Ибн Халдун многое видел. Многое приметил. Многим был удивлен, а то и встревожен. Это был мир, лишь ночью по дыханию и по запахам напоминавший мир Магриба, но по сути иной. Совсем иной.
Четверг прошел. Опять сгустилась ночь. Повеяло холодом с гор. Пришлось укрываться толстым бурнусом из верблюжьей шерсти.
Перед рассветом из разных мест просторного стана заголосили азаны, призывая верующих к пятничной молитве. Ибн Халдун быстро встал: накануне, в четверг, он не слышал этих призывов.
Заглушало ли призывы азанов повседневным гулом походной жизни, но тут не было того порядка, как в войсках арабов, прерывавших битву, если наступал час молитвы. Здесь не соблюдали правил столь строго, даже в повседневном безделье осады. Но каждый, кого вера влекла к беседе с аллахом, к раздумью о самом себе, сам, без призыва, в урочный час опускался на колени, расстелив коврик или попону между шатрами. Вчера, в четверг, они молились врозь, каждый у своего шатра или внутри шатра, а теперь протянулись длинными рядами поперек всего стана, обратясь лицом вдоль той дороги, по которой шел поход, - эта дорога через Дамаск вела к Мекке. Ряды молящихся поглощала тьма, сгустившаяся перед рассветом. Вместе со всеми обратясь в ту сторону, Ибн Халдун вдруг вспомнил дни, проведенные там в паломничестве. Там тогда его окружал покой, он был убежден, что вся суета и все тревоги, прежде раздиравшие его, отошли навеки. А вышло, - нет, не отошли. И неведомо, что сулит ему грядущий день или дни последующие: он стоит у нового порога в неведомое бытие, а день едва лишь брезжит сквозь неприветливую мглу весеннего рассвета.
И наступило утро.
Расстелив перед юртой коврик, Ибн Халдун постоял на второй молитве. Молитва его умиротворила, смягчив тревоги.

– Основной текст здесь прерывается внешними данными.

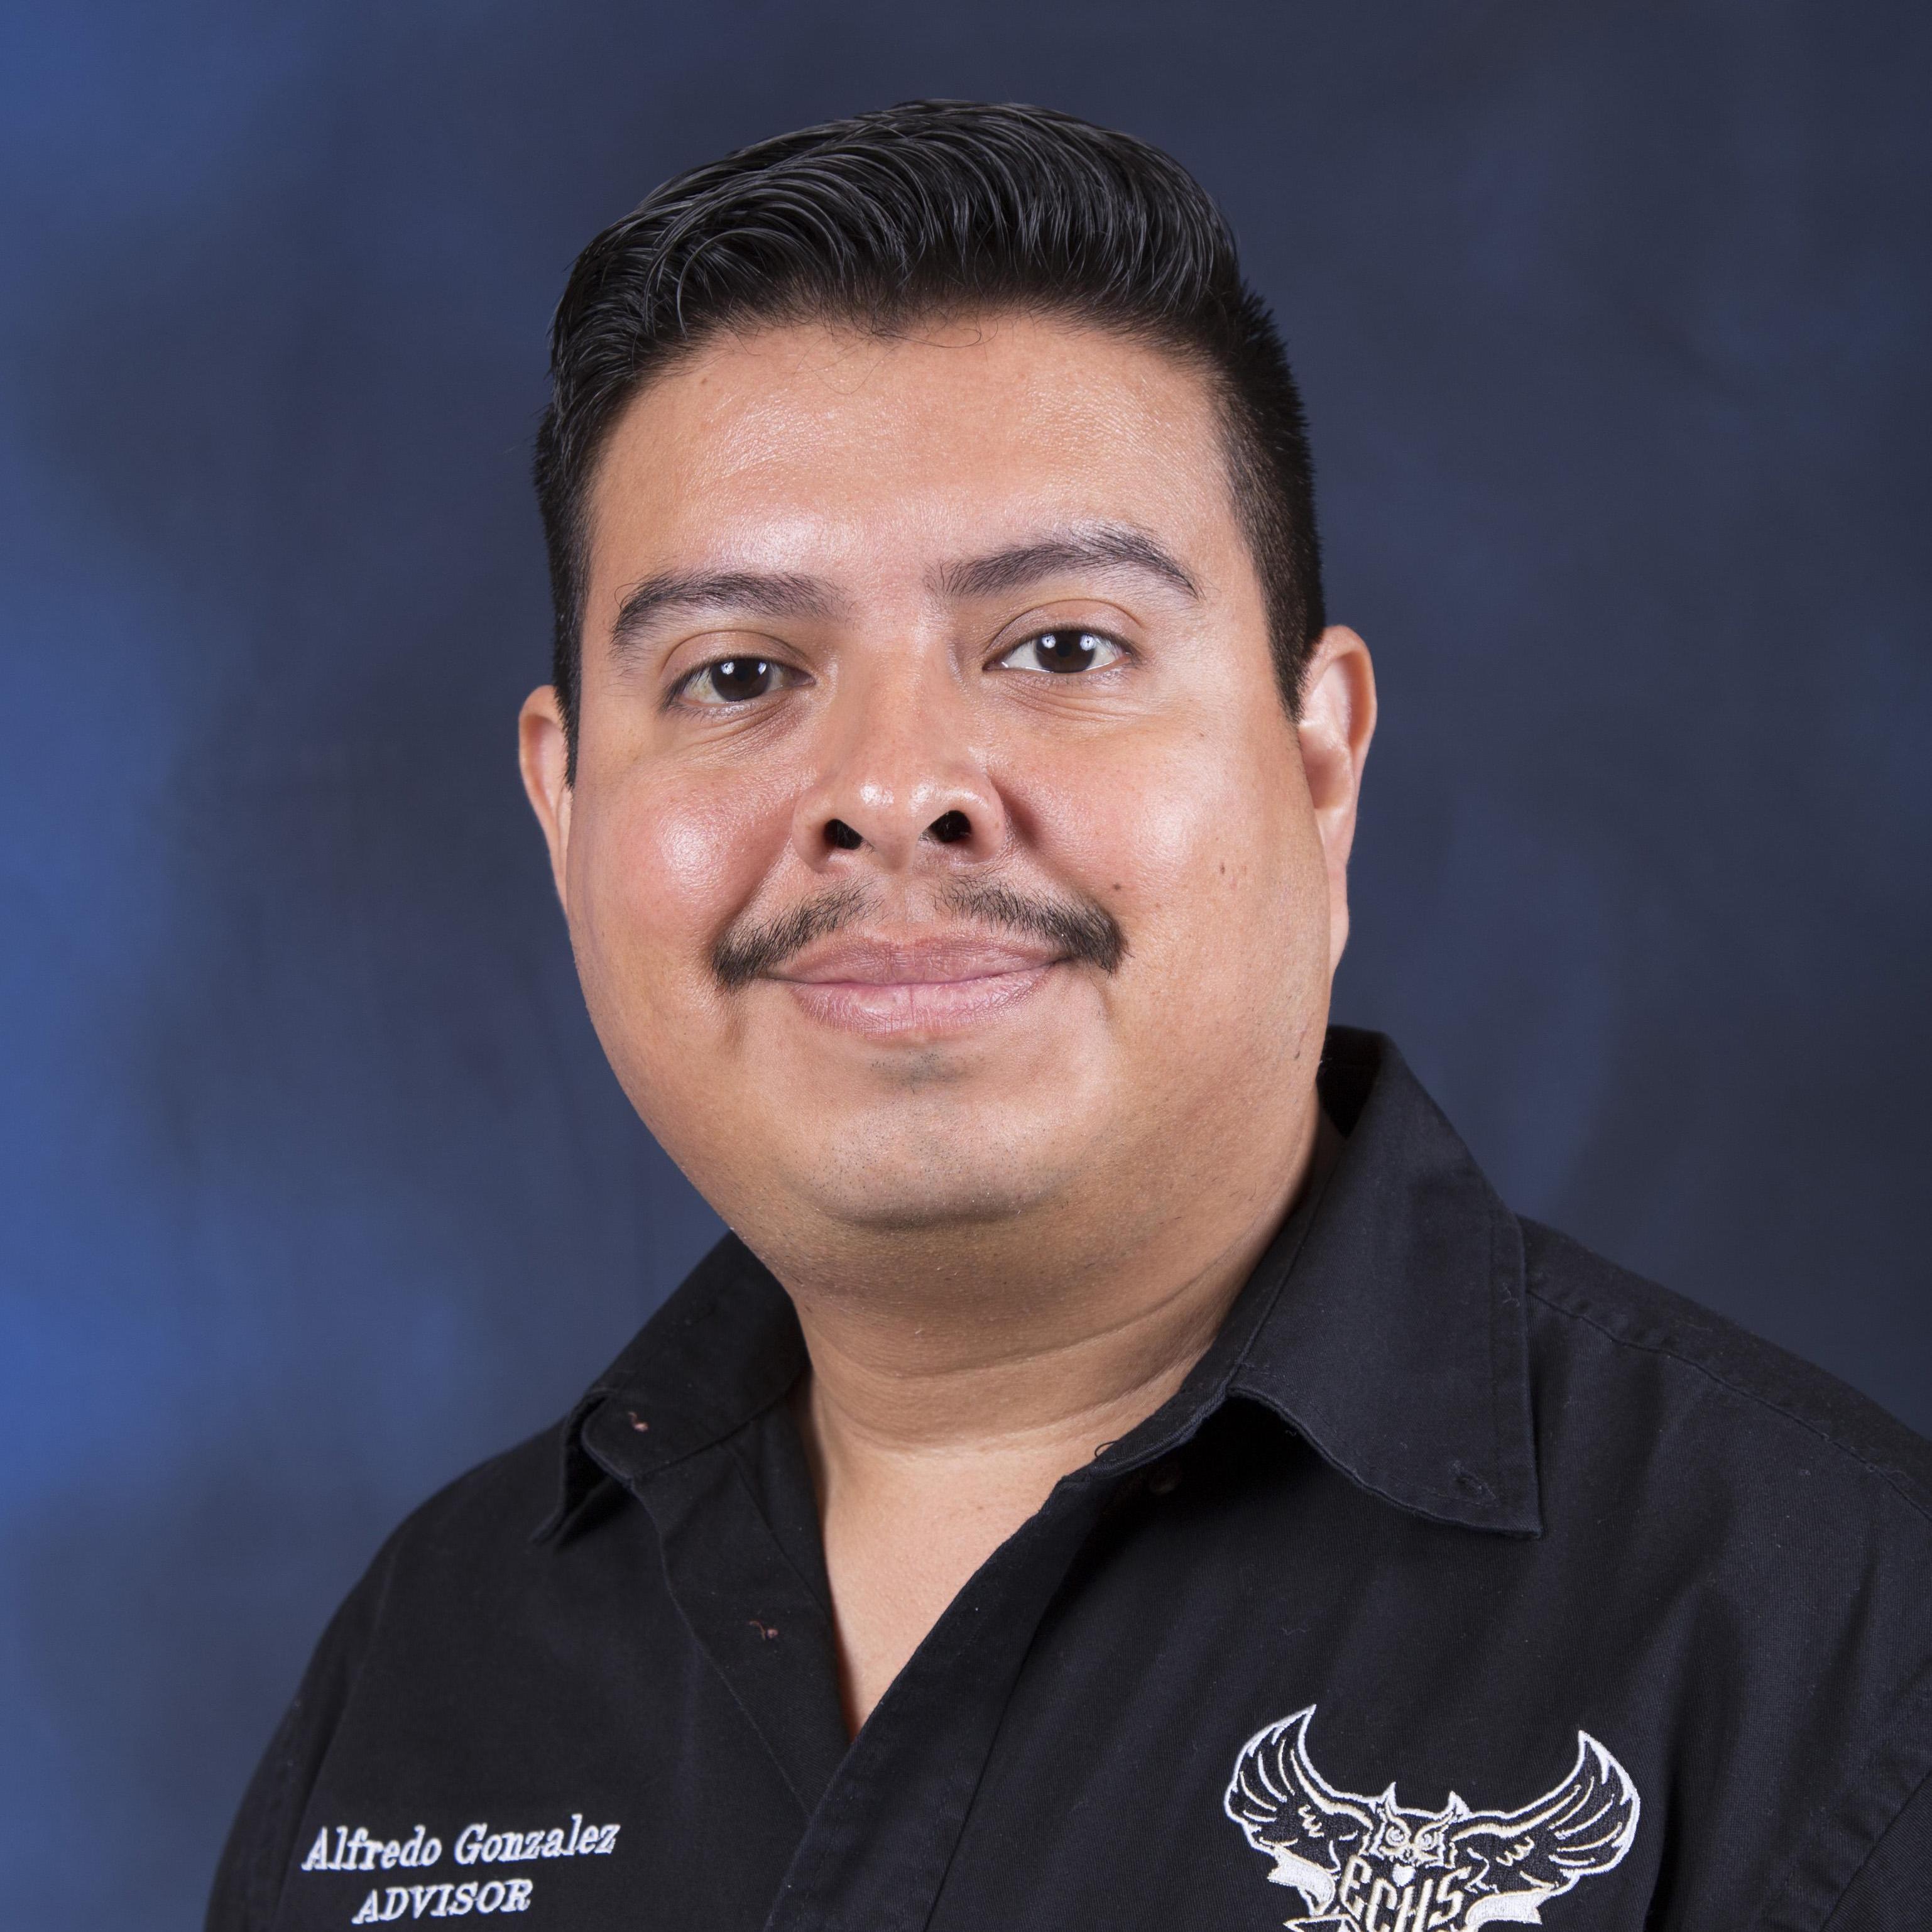 Alfredo Gonzalez's Profile Photo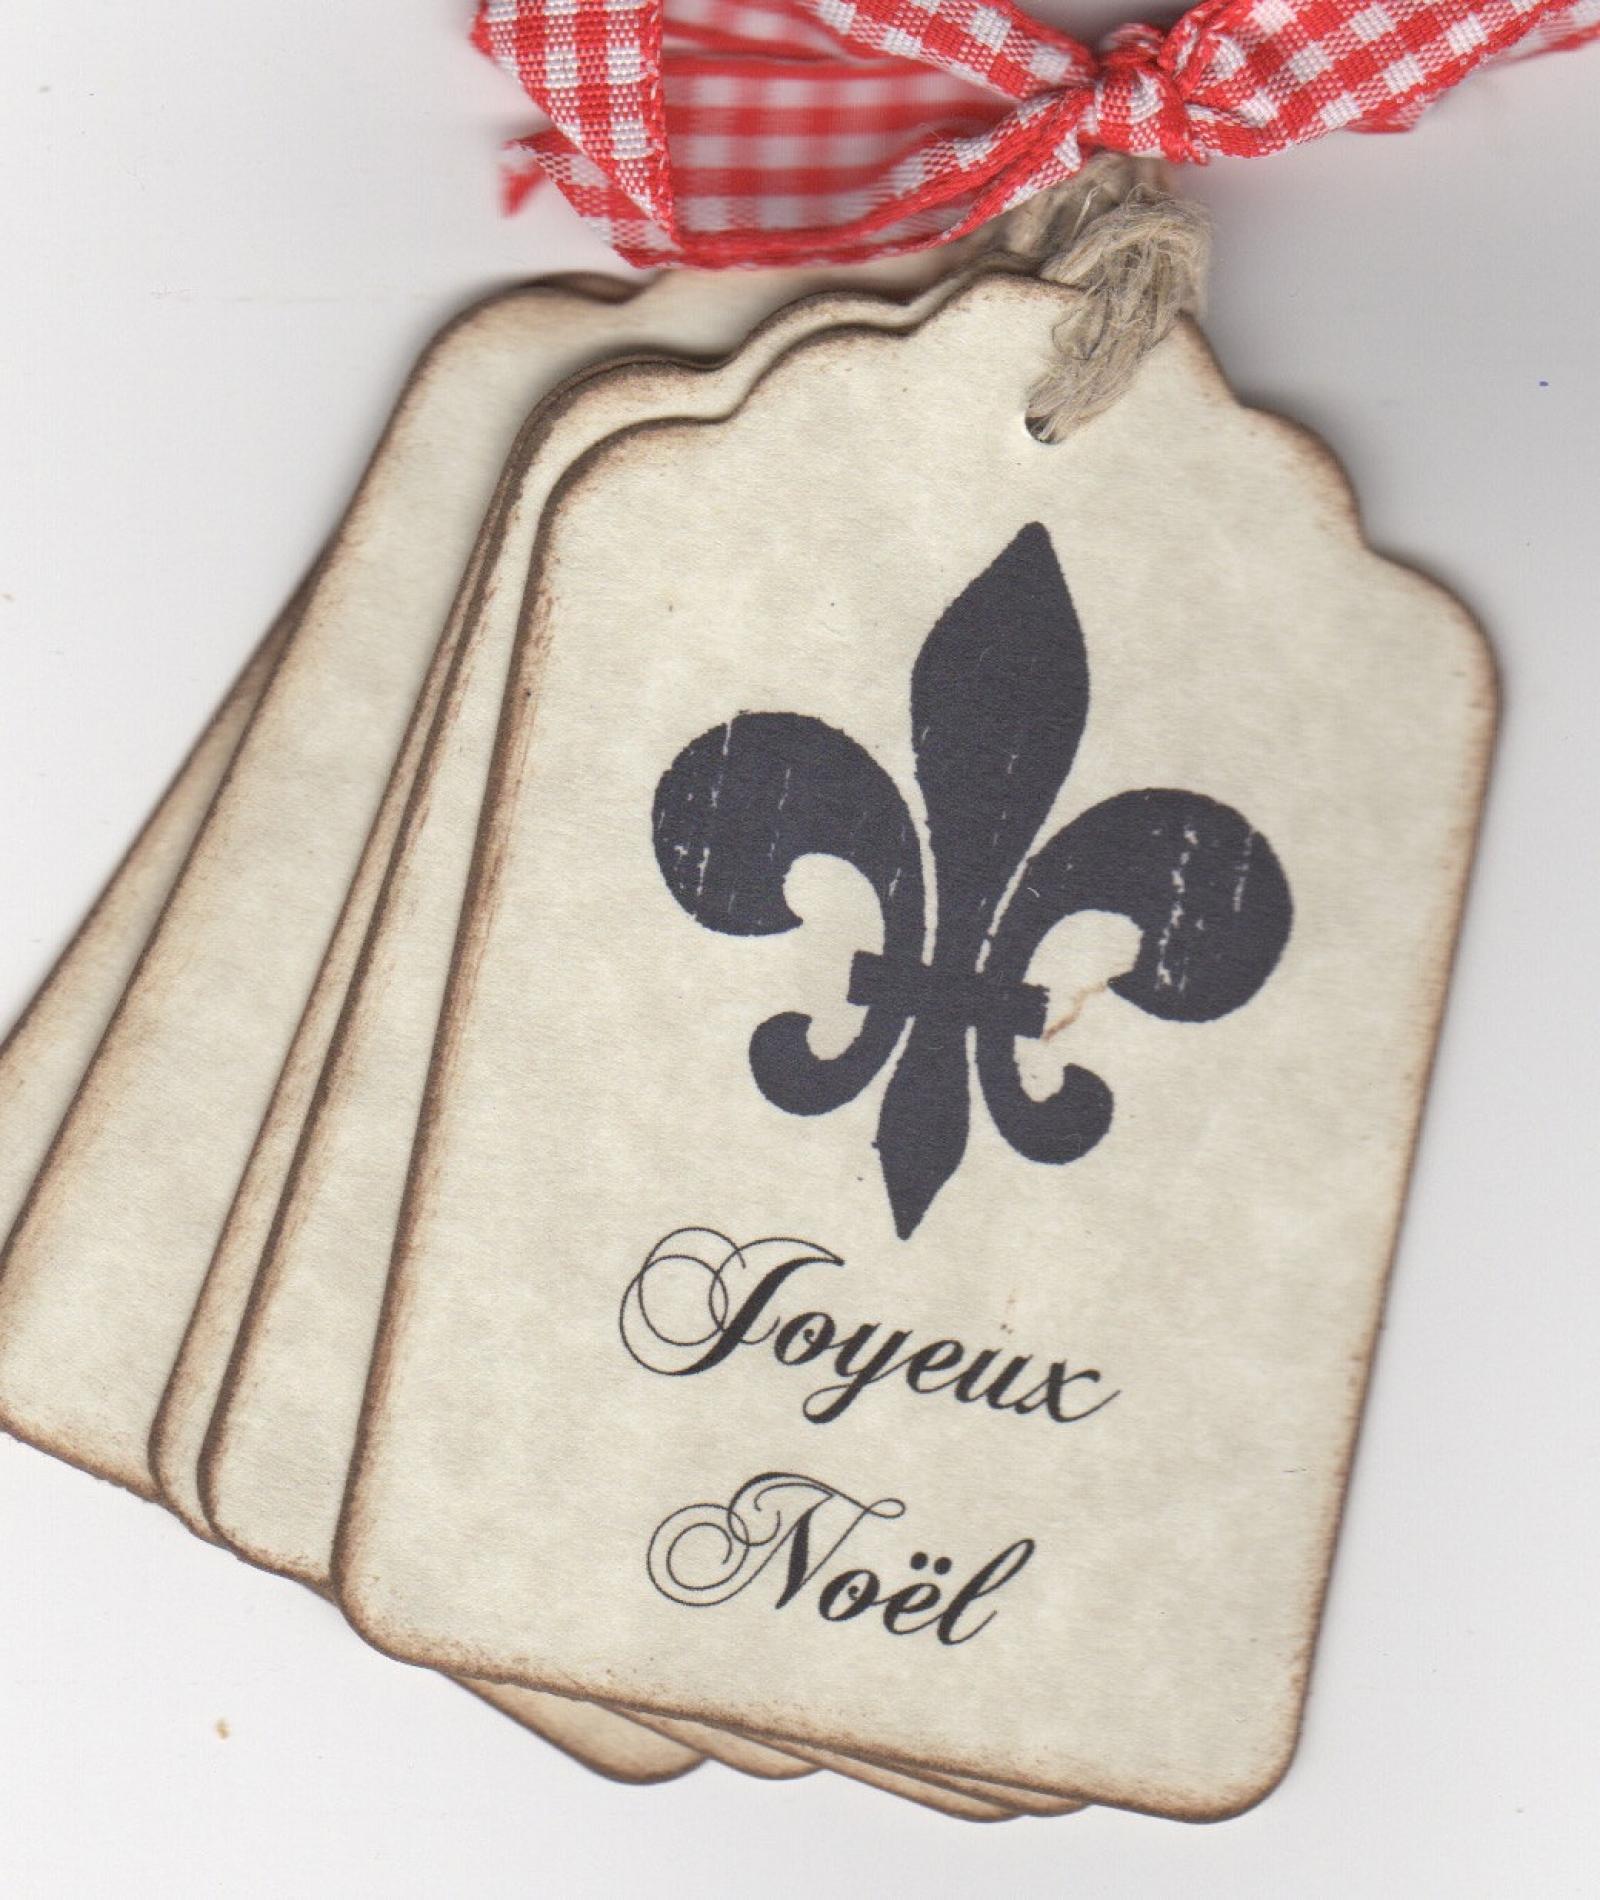 Vintage Inspired Christmas Gift Tags French Fleur De Lis Joyeux Noël ...

Поэтому он не вздрогнул, когда увидел возле себя Анвара бен Марасула с двумя великанами в лохматых шапках, обшитых зеленой тесьмой.
- Подготовьтесь, почтеннейший. Мы проводим вас до ковра Повелителя Вселенной.
Привычно одеваясь, Ибн Халдун привычно подавлял волнение. Много раз случалось за долгую жизнь так же собираться, не ведая, каков порог, вставший перед ним, и какова судьба там, за порогом.
Он надел тонкую легкую шелковую одежду, ниспадающую мягкими складками, того красновато-серого оттенка, каким бывает поздний весенний вечер, час накануне покоя и тишины.
Это была драгоценная одежда из редкого привозного шелка. А чтобы она не привлекала праздных взглядов, сверху он набросил все тот же широкий верблюжий бурнус, под которым проспал ночь, ежась от холода.
Посоха не нашлось, но и без посоха он пошел той особой величественной поступью, как надлежит ходить ученым людям по путям, полным встречных невежд.